Generally the second step is performed using techniques such as e.g. User Datagram Protocol, UDP, hole punching technique, or others as described in “Peer-to-Peer communication across Network Address Translators” by B. Ford, P. Srisuresh and D. Kegel, USENIX Annual Technical Conference, Apr. 10-15, 2005. UDP hole punching technique works in the following way. When a first peer and a second peer “simultaneously” send each other a session initiation UDP packet, they continue sending it until a response packet is received. This is done using both the private and the public address. If the two peers are located in the same address space, the packet sent to the private address is accepted immediately, a response is sent and the peers can start communicating following the protocol specific to the application. If the first peer is located behind a middlebox, then the packet sent by the second peer to the first peer's private address is meaningless (and probably not even routed). However, because the first peer sent a packet with destination address set to the second peer's public address, the middlebox assumes that incoming packets from the second peer are part of a peer-to-peer communication initiated internally. The packet sent by the second peer to the first peer's public address is therefore accepted, and it is noted that session initiation packets are retransmitted so as to account for cases where the endpoint is not yet opened when the first packet arrives. The same process occurs for the second peer.

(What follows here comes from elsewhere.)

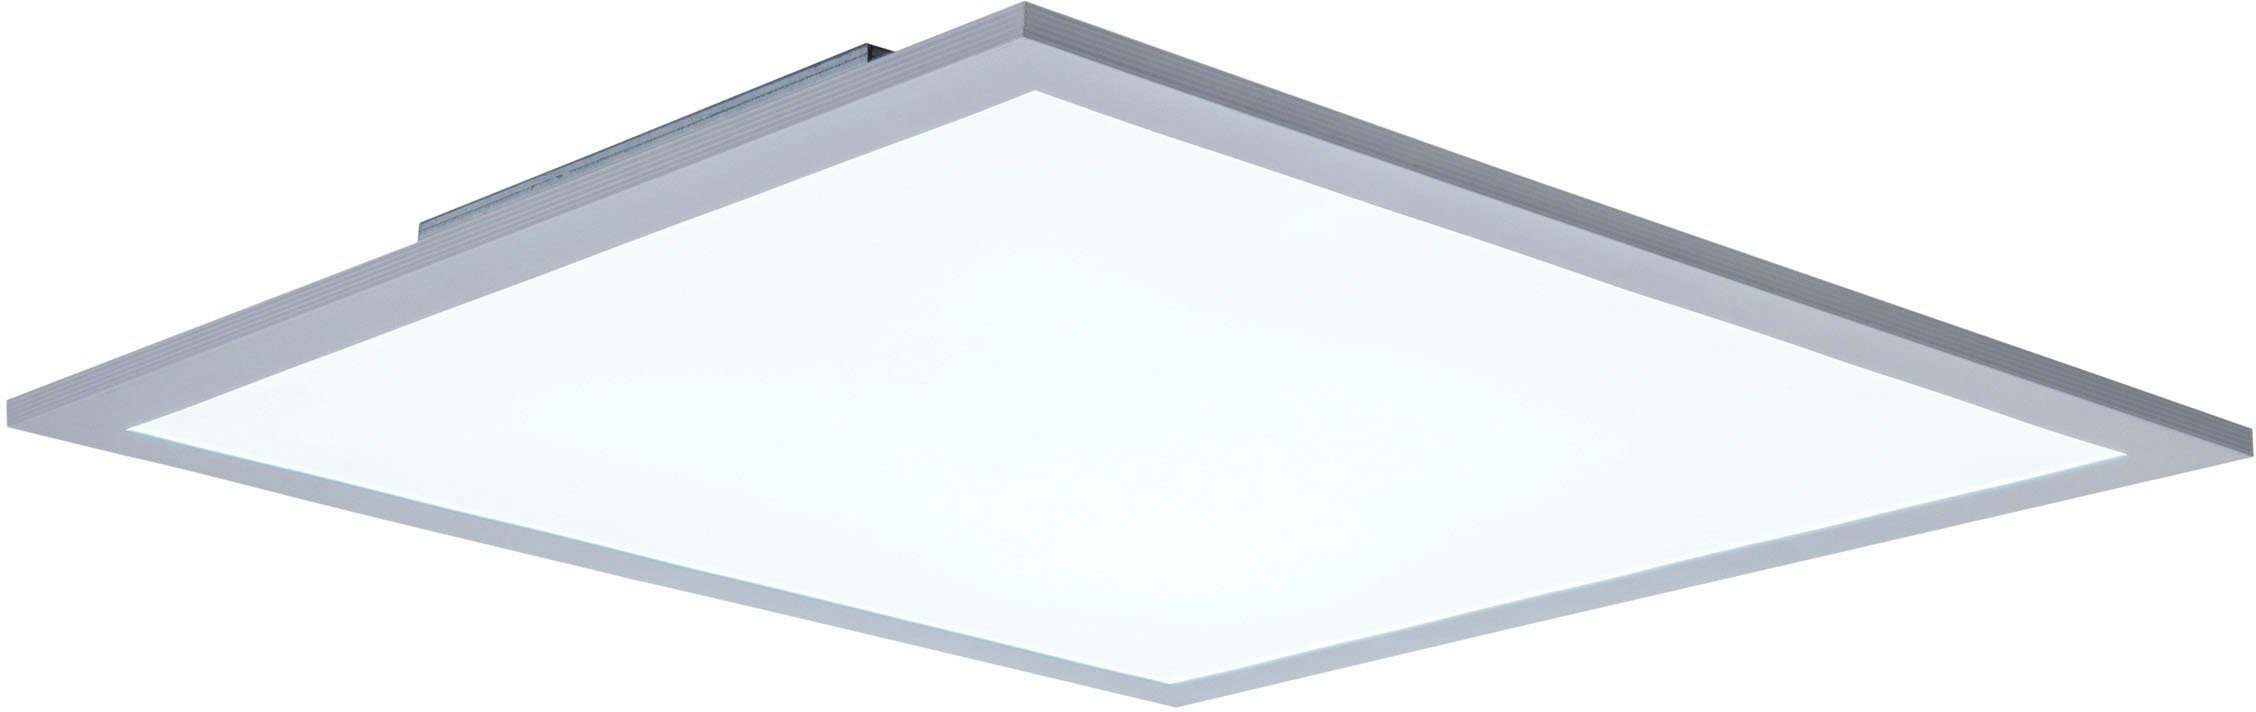 Aufbaupanel Neutralweiß, näve LED, 120 LED Panel LED Nicola, fest integriert, Lichtfarbe weiß neutralweiß 6cm, H: 45x45cm,

The above described UDP hole punching technique only works with NATs that reuse port bindings for different invocations, and NATs/firewalls that open a UDP endpoint for receiving packets of an external peer when the same endpoint has been used for sending packets to that peer.
It is noted that UDP hole punching technique is not always successful due to the variety of middlebox behaviors. Although in many cases it does allow peering sessions to be established even when both peers are behind a middlebox.
Improper usage of peer-to-peer applications in enterprise networks is a problem with several negative consequences. Firstly, these applications introduce new traffic patterns which can impact performance and availability of the enterprise's networking resources. Significantly, they represent a legal risk and a potential security exposure. The former is due to possible copyright infringement claims associated to file-sharing; the latter is due to the danger of confidential information being inadvertently disclosed by misconfigured/malicious peer-to-peer software, and to the possible introduction of viruses contained in shared files.
Known approaches to tackling this problem are based on analyzing traffic statistics at the network boundaries, and generally rely on the usage of well-known peer-to-peer UDP and Transport Layer Protocol, TCP, ports. However, due to the dynamic nature of peer-to-peer networks and the increasingly sophisticated techniques to traverse controls such as firewalls, these approaches do not accurately detect and control peer-to-peer software.
It is an aim of the present invention to provide a system for detecting and controlling peer-to-peer communication across intranet/Internet boundaries. It is a further aim to provide local reporting of local problems. In addition the detection can be realized transparent to the internal and external peers.